### Task description
All pictures are to be dropped, and everything else in the data duplicated exactly.

### Input data
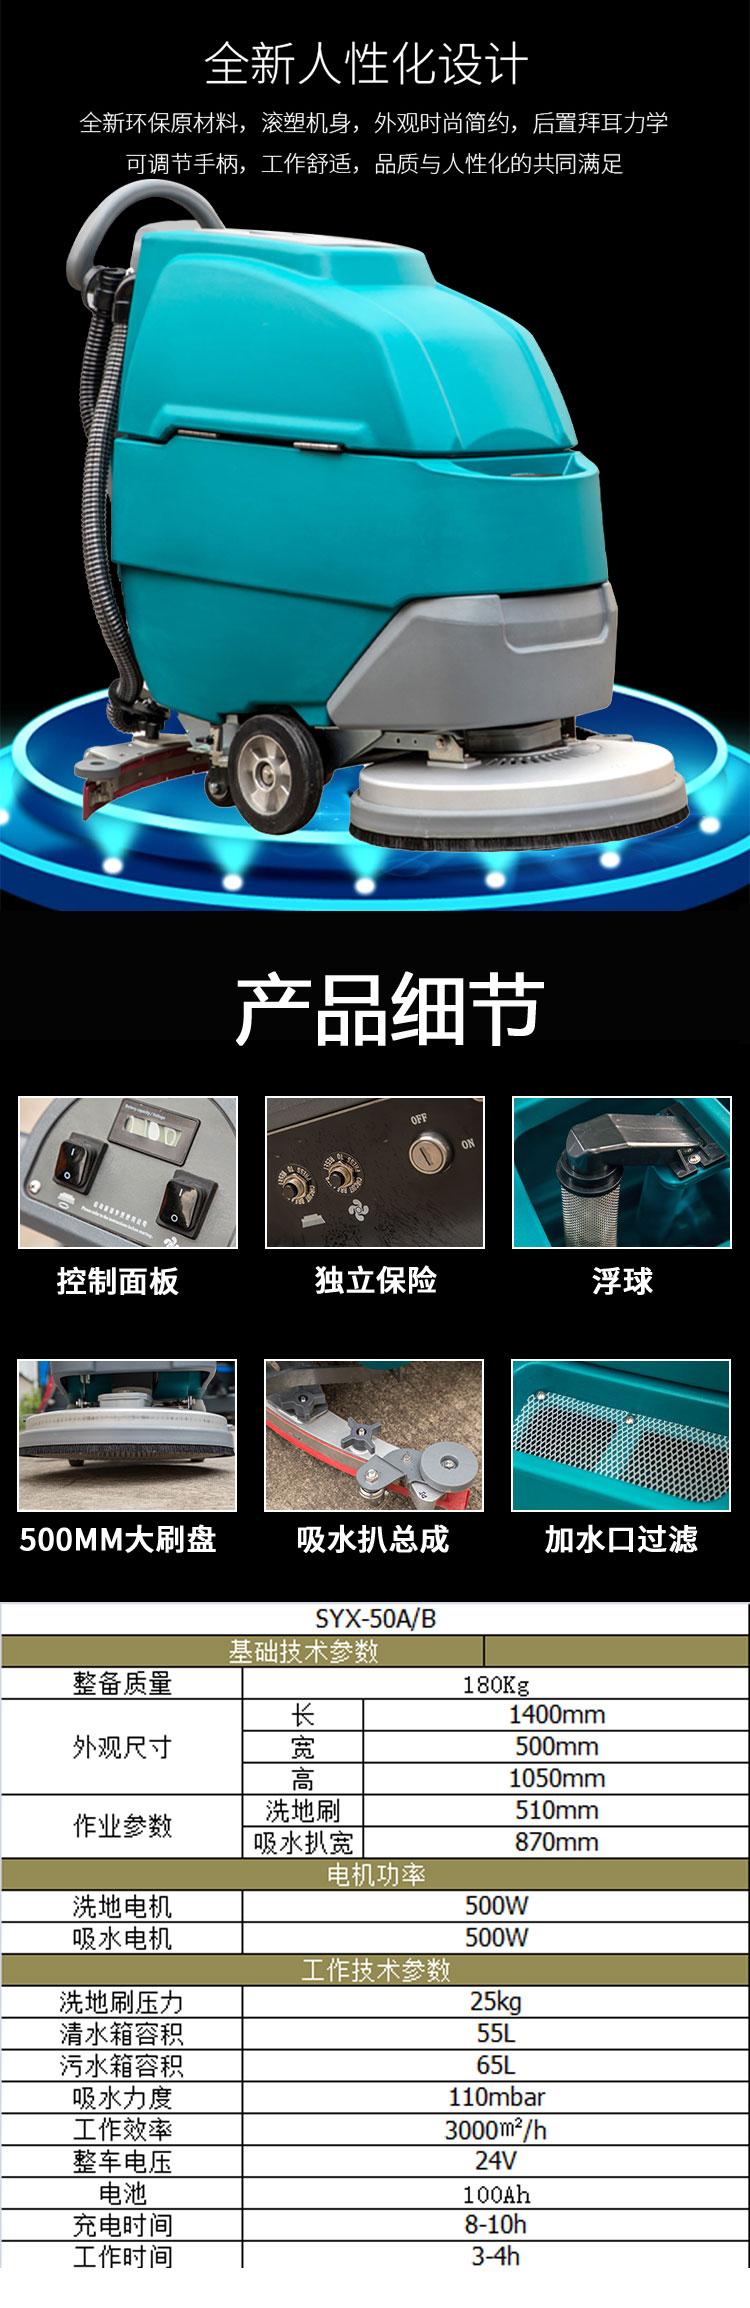 尚勇SYX-50A电动手推式智能洗地机
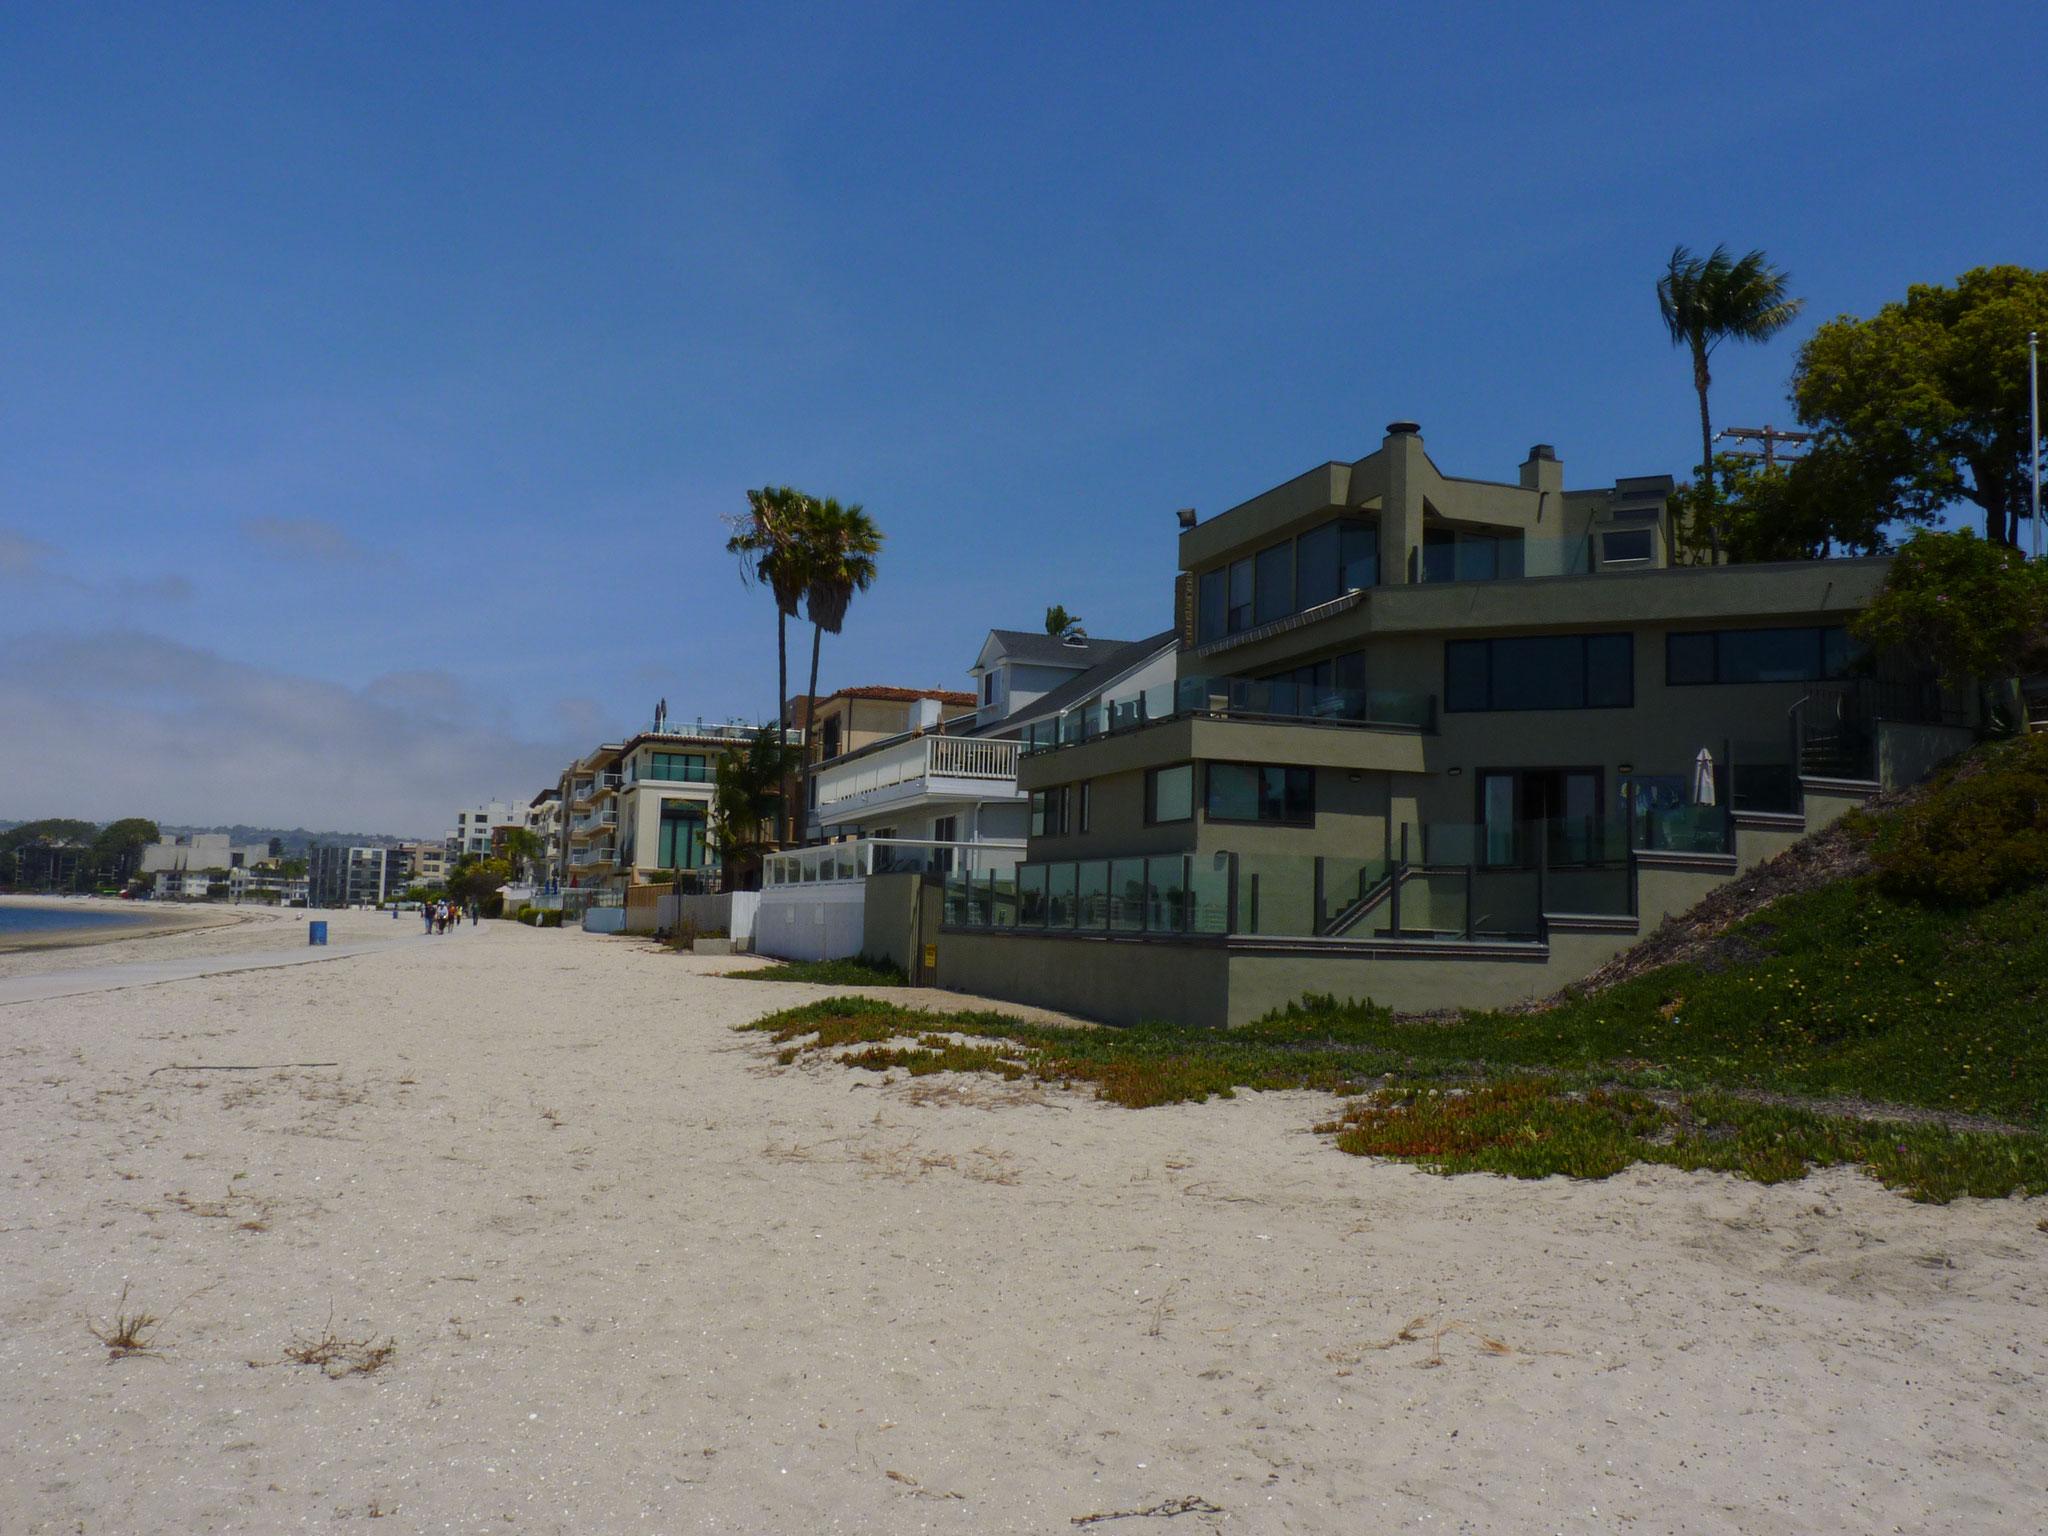 Balade le long de la baie de San Diego (devant chez John)
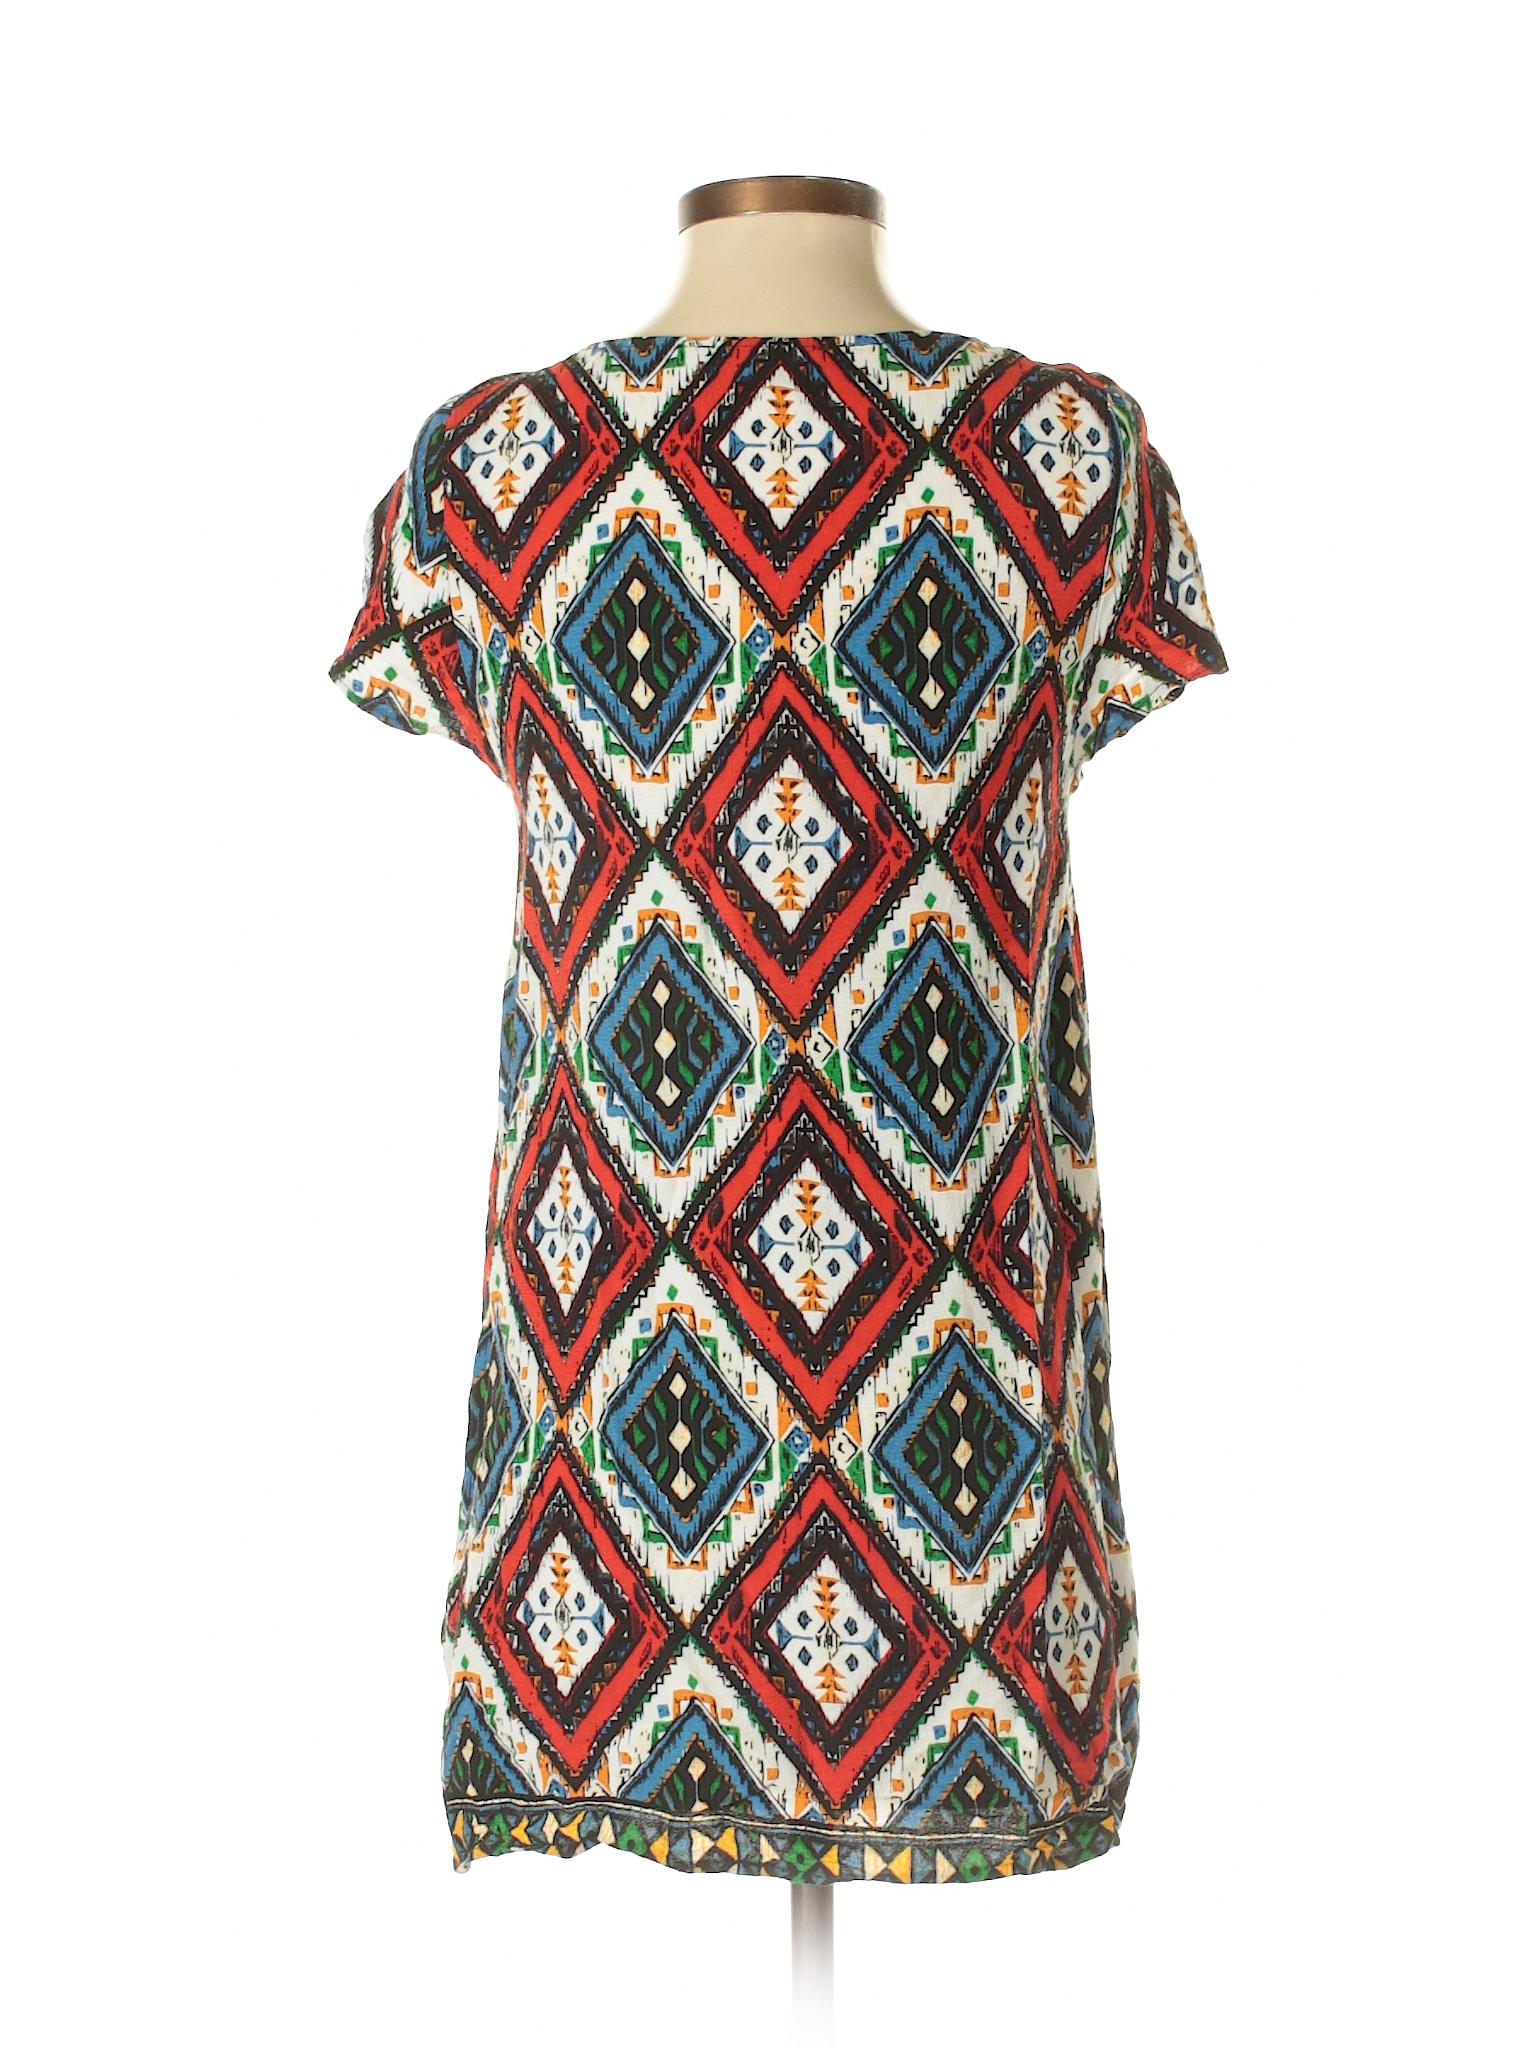 Casual Olivaceous Dress Olivaceous Dress Casual Casual Selling Olivaceous Dress Selling Selling Selling qUzRXg

### Exercise output
 尚勇SYX-50A电动手推式智能洗地机
 Balade le long de la baie de San Diego (devant chez John)
 Casual Olivaceous Dress Olivaceous Dress Casual Casual Selling Olivaceous Dress Selling Selling Selling qUzRXg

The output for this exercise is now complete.